Among the 53 species recorded by the Jorgewich-Cohen team, the fist-sized wood grain turtle that can be sold as pets can make more than 30 sounds, such as the squeaking sound of the courtship male turtle and the "crying" sound that only young turtles make.
Overall, some of the sounds it makes are related to offensiveness, and some seem to be greetings to new partners, usually accompanied by a swing of the head.
By adding the previously unknown sounds mentioned above to existing acoustic communication data, Jorgewich-Cohen and colleagues constructed a more comprehensive new acoustic evolution tree of approximately 1,800 species.

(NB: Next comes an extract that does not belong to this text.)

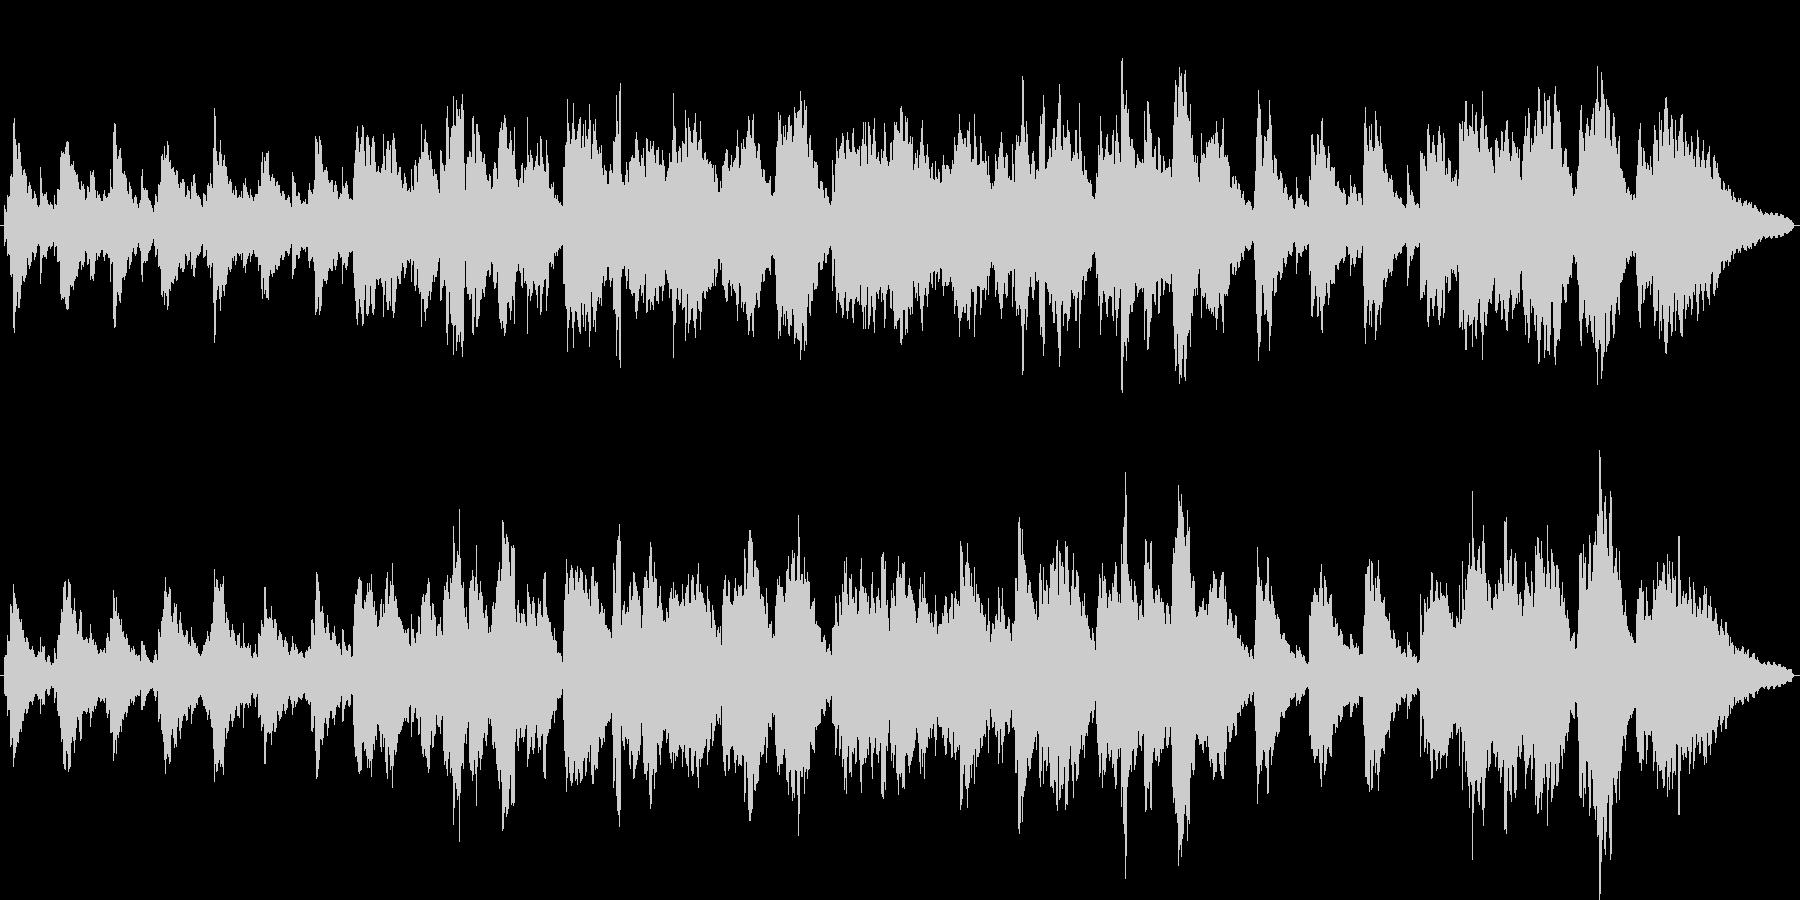 ローズピアノの眠くなるBGM2の未再生の波形

in the paper they pointed out that each branch of evolutionary tree contains vocal animals, which shows that vocal behavior evolved only once among the common ancestors of terrestrial animals and lung fish about 407 million years ago.
Currently, Jorgewich-Cohen and colleagues are recording how turtles and other quieter species use sounds and compare the sounds of terrestrial vertebrates and lungfish with those of other fish to see if the new acoustic evolutionary trees extend further in time.